Mammals contain two main varieties of fat: white adipose tissue (WAT), which is used to store energy, and brown adipose tissue (BAT), which is involved in the regulation of body temperature, particularly in infants. Dermal WAT (dWAT) is the layer of WAT is immediately adjacent to the dermis and is known to accumulate in response to ambient cold, hair growth, and exposure to bacteria in mice, but little is known about this tissue in humans. In this issue of JCI Insight, Caroline Alexander and her colleagues at the University of Wisconsin, Madison, report the development of a non-invasive MRI-based method to measure dWAT, total WAT volume, and BAT activation in mice and humans.

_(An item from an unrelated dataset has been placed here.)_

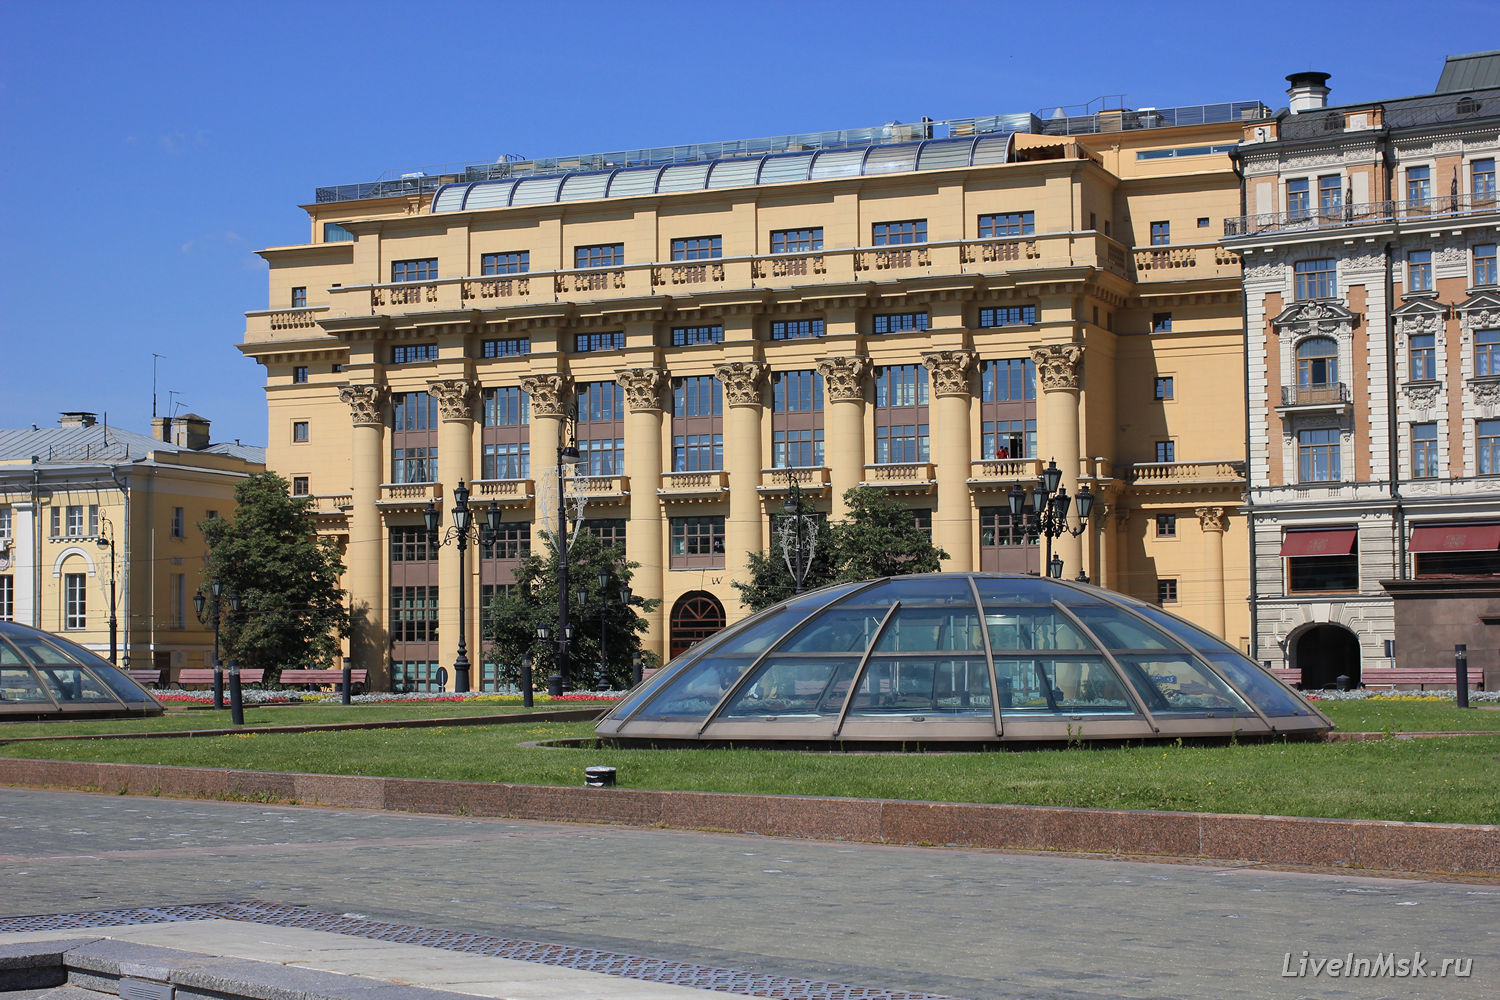 Манежная площадь, фото 2015 года
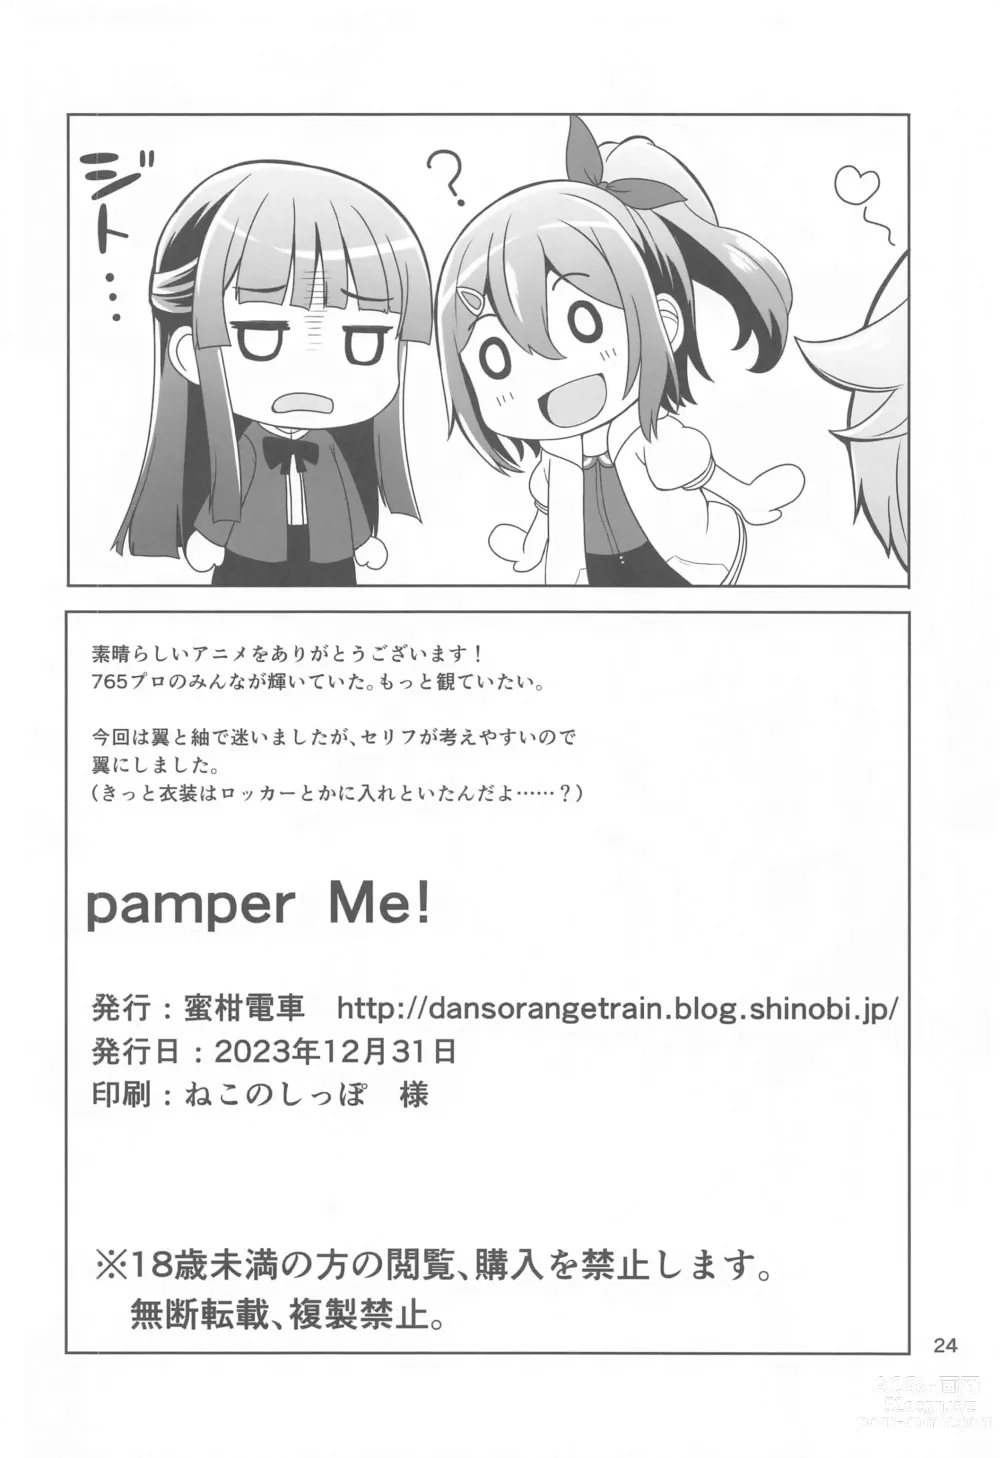 Page 25 of doujinshi pamper Me!

Using this method, Alexander and colleagues demonstrated that dWAT, as well as visceral WAT and BAT, increase in genetically obese mice and mice fed a high-fat diet over several weeks. Alexander and colleagues used their imaging technique on 10 healthy human subjects and determined that dWAT thickness was highly variable between subjects and weighed 8.8 kg on average. These studies demonstrate that this MRI-based method can be used to study multiple adipose depots, including dWAT, in both mice and humans.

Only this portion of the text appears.